*** Begin section ***

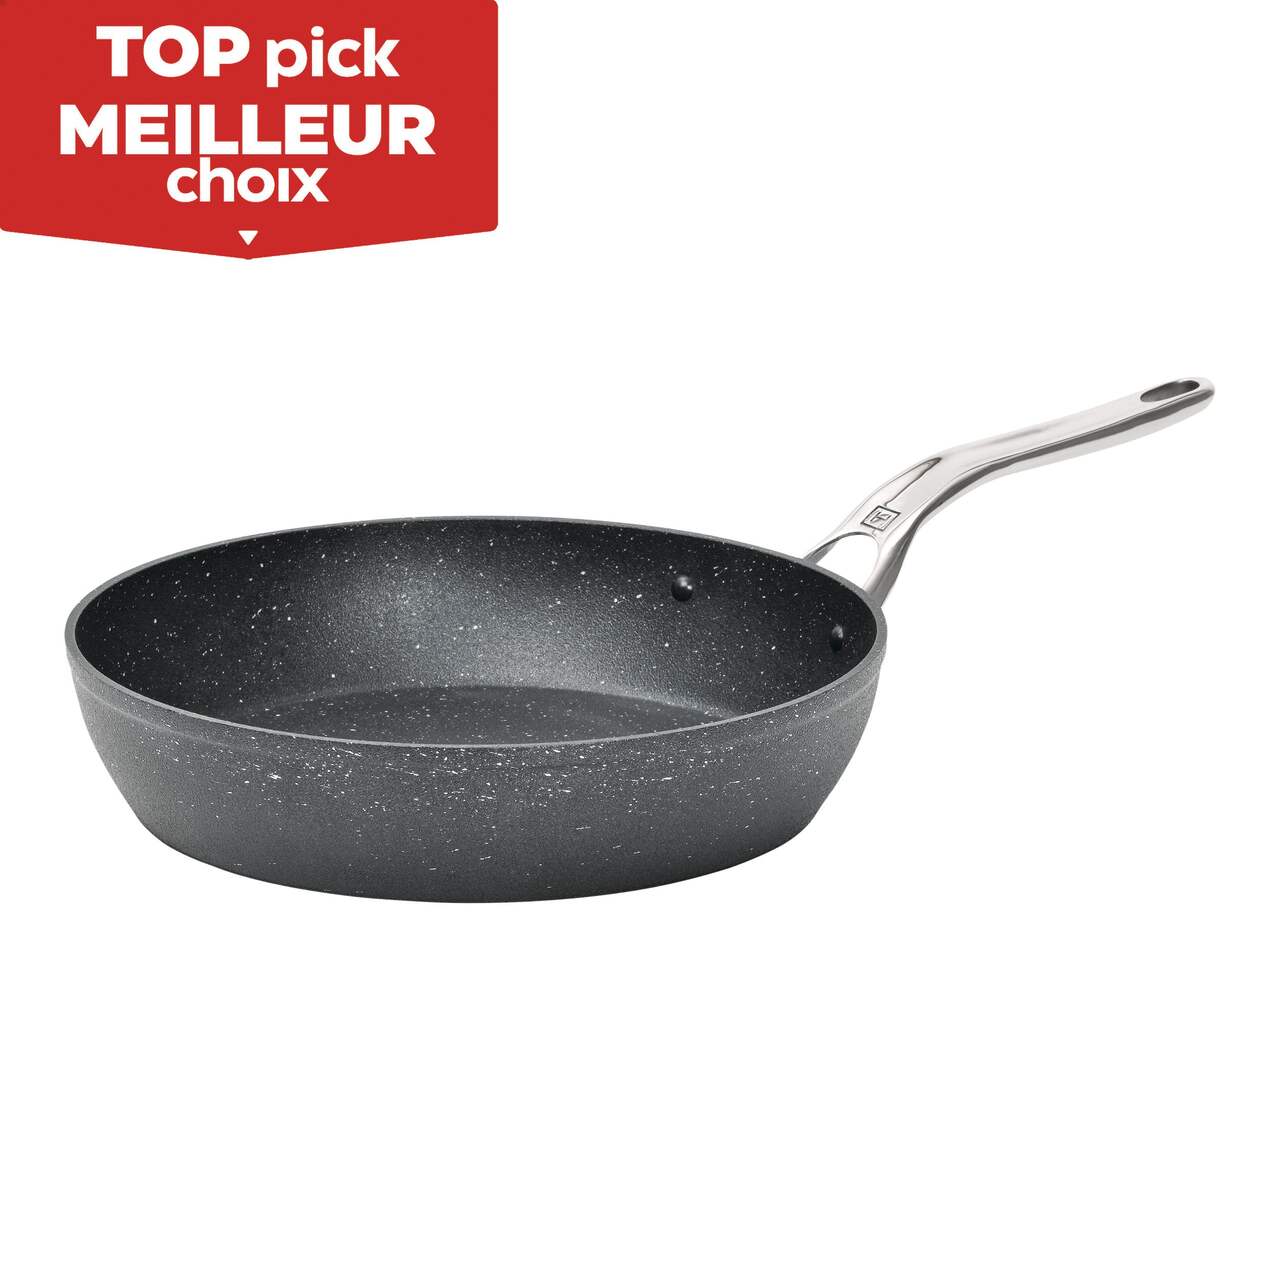 https://media-www.canadiantire.ca/product/living/kitchen/cookware/1427073/heritage-rock-30cm-non-stick-frypan-a1d8f789-3587-4cb5-ad53-740b659869c1-jpgrendition.jpg?imdensity=1&imwidth=640&impolicy=mZoom
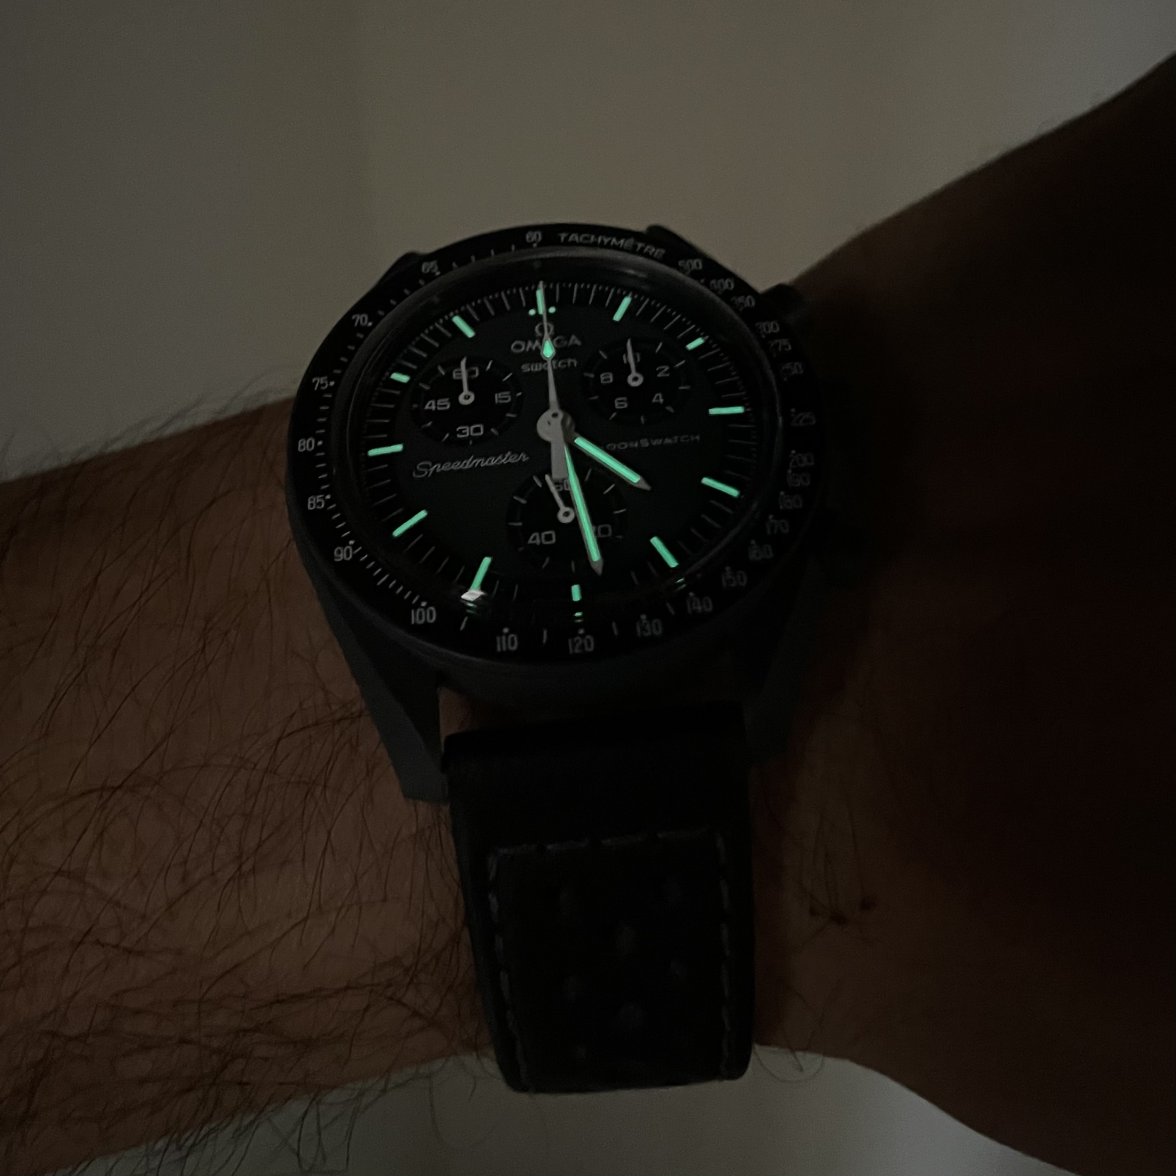 Omega x Swatch - MoonSwatch Only - Pictures Thread! | Page 9 | Omega Forums
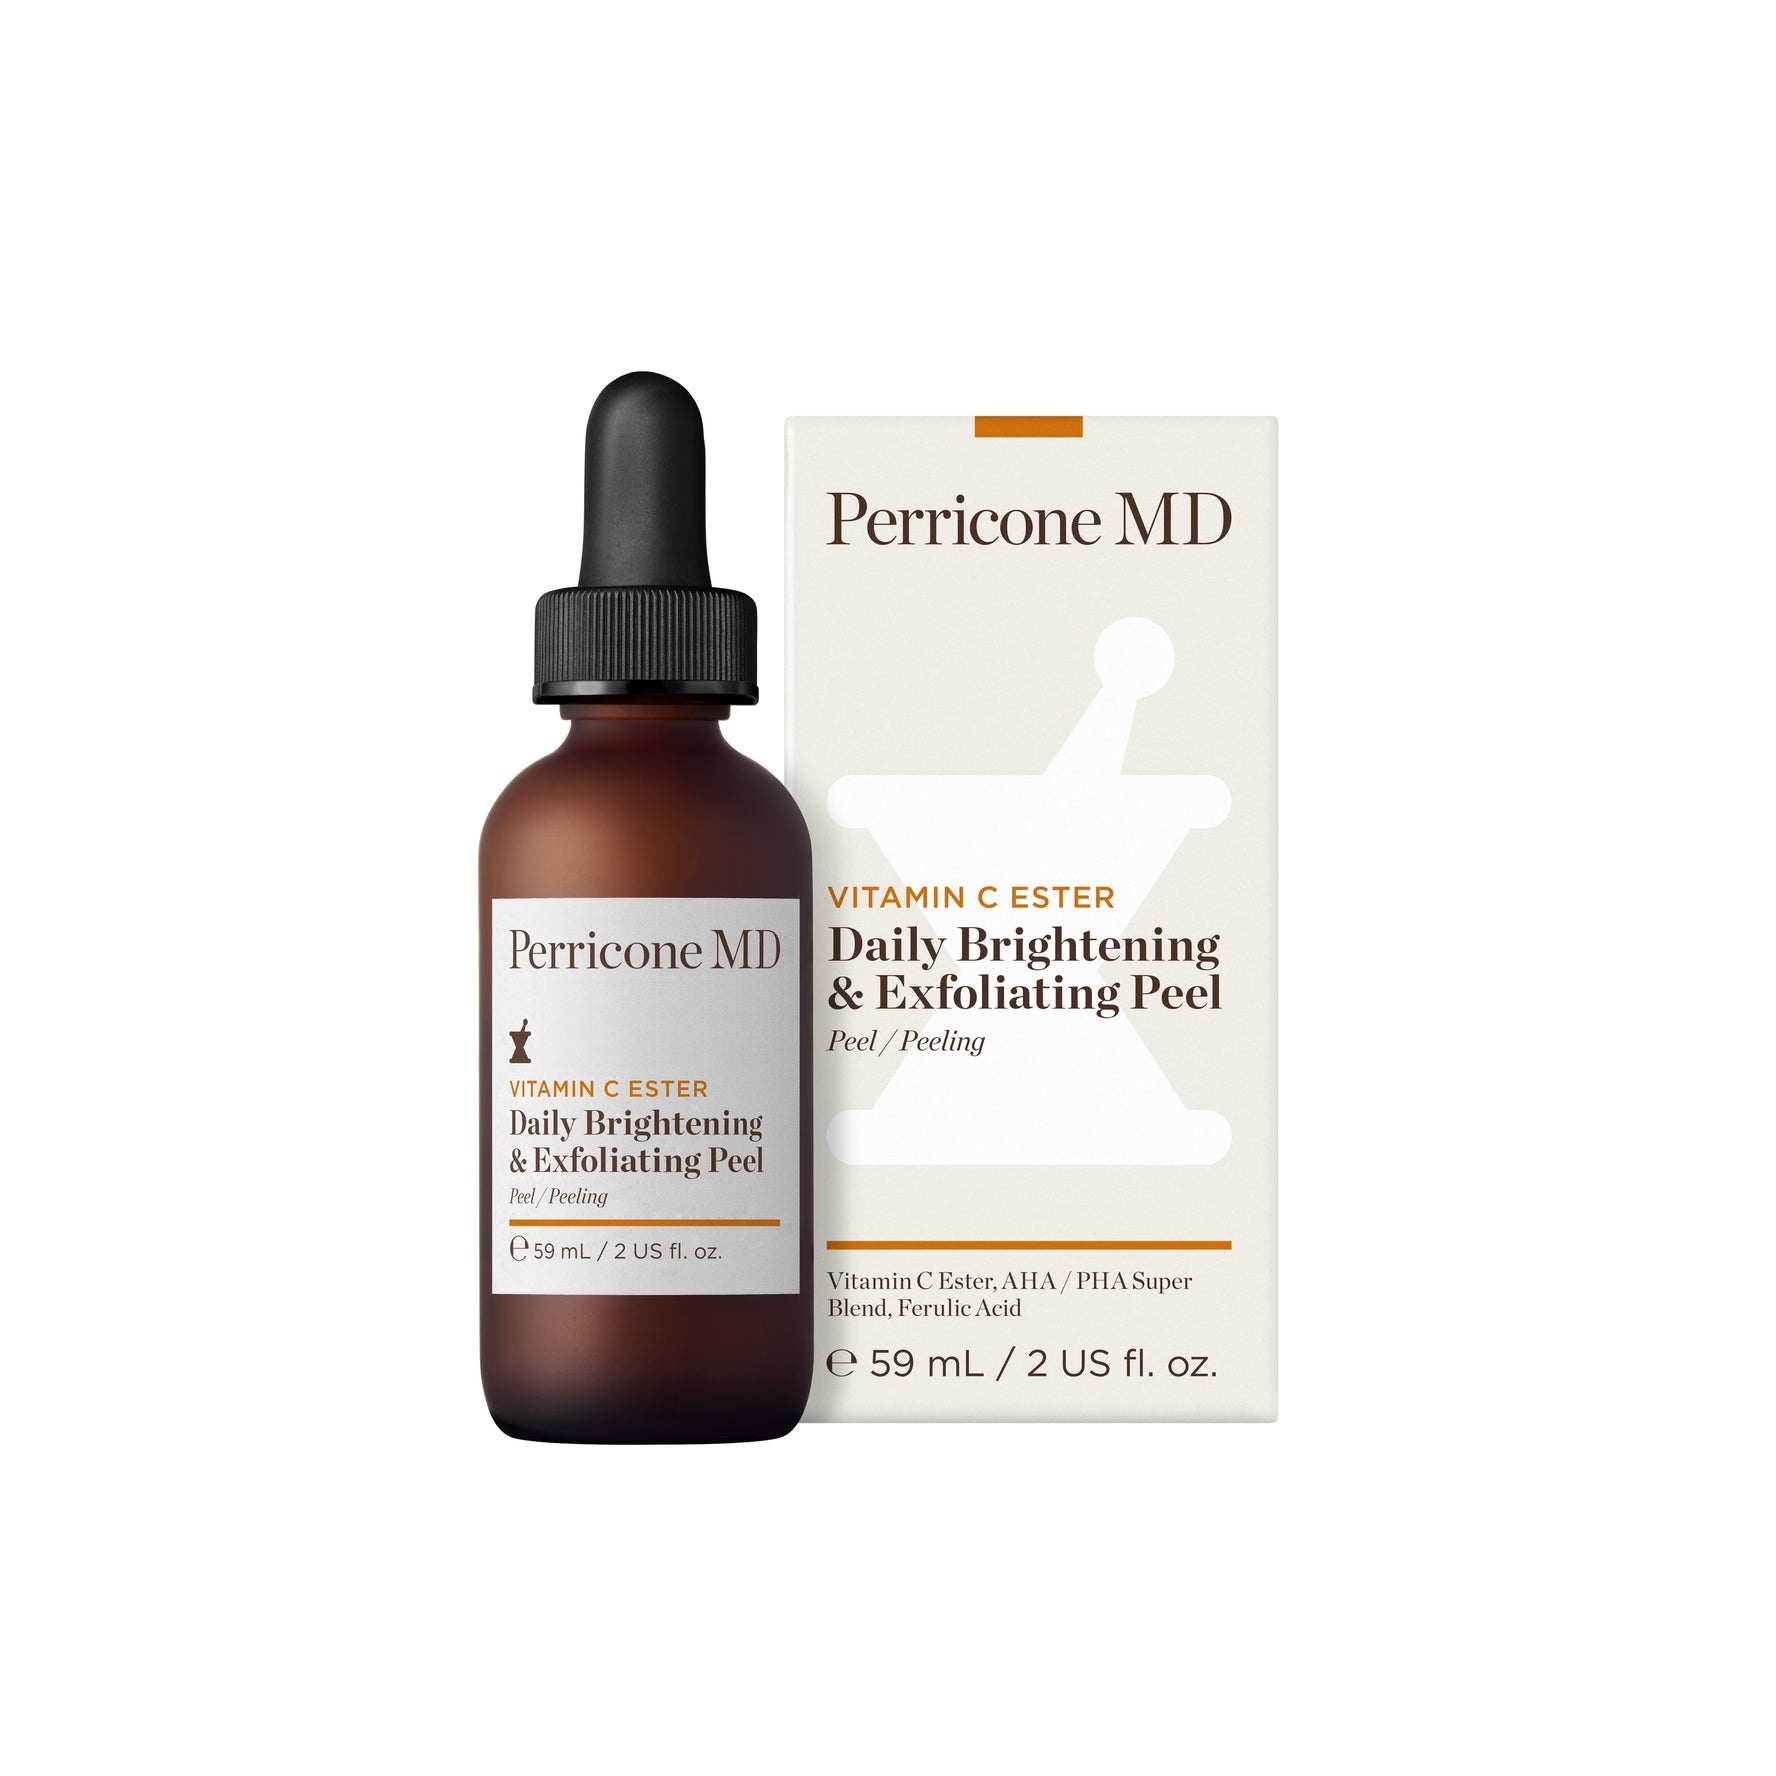 Perricone MD Vitamin C Ester Daily Brightening and exfolianting Peel (59ml)
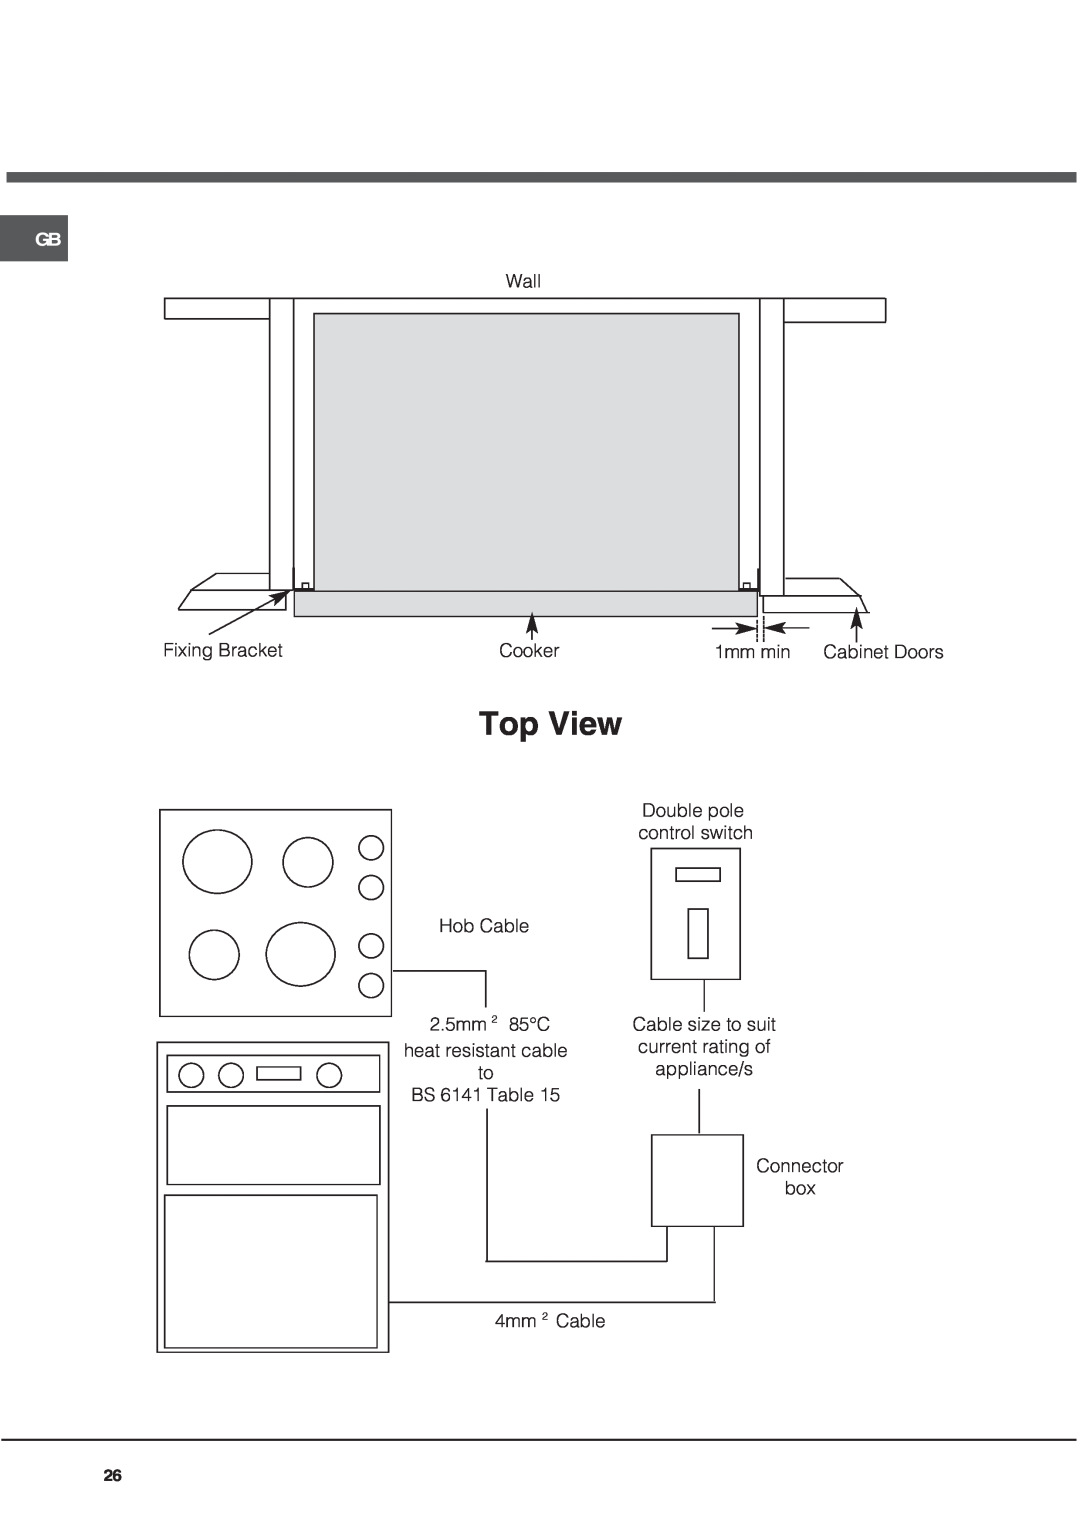 Hotpoint UQ891 manual Top View, Wall, Fixing Bracket, Cooker, 1mm min, Hob Cable, 2.5mm 2 85C, appliance/s, BS 6141 Table

*** End section ***

Your objective:
Restate word for word only the lines from the one with "Omega x Swatch" through the last line of the material, both included. Any picture should be left out.

Output below:
 Omega x Swatch - MoonSwatch Only - Pictures Thread! | Page 9 | Omega Forums
 Perricone MD Vitamin C Ester Daily Brightening and exfolianting Peel (59ml)
 Hotpoint UQ891 manual Top View, Wall, Fixing Bracket, Cooker, 1mm min, Hob Cable, 2.5mm 2 85C, appliance/s, BS 6141 Table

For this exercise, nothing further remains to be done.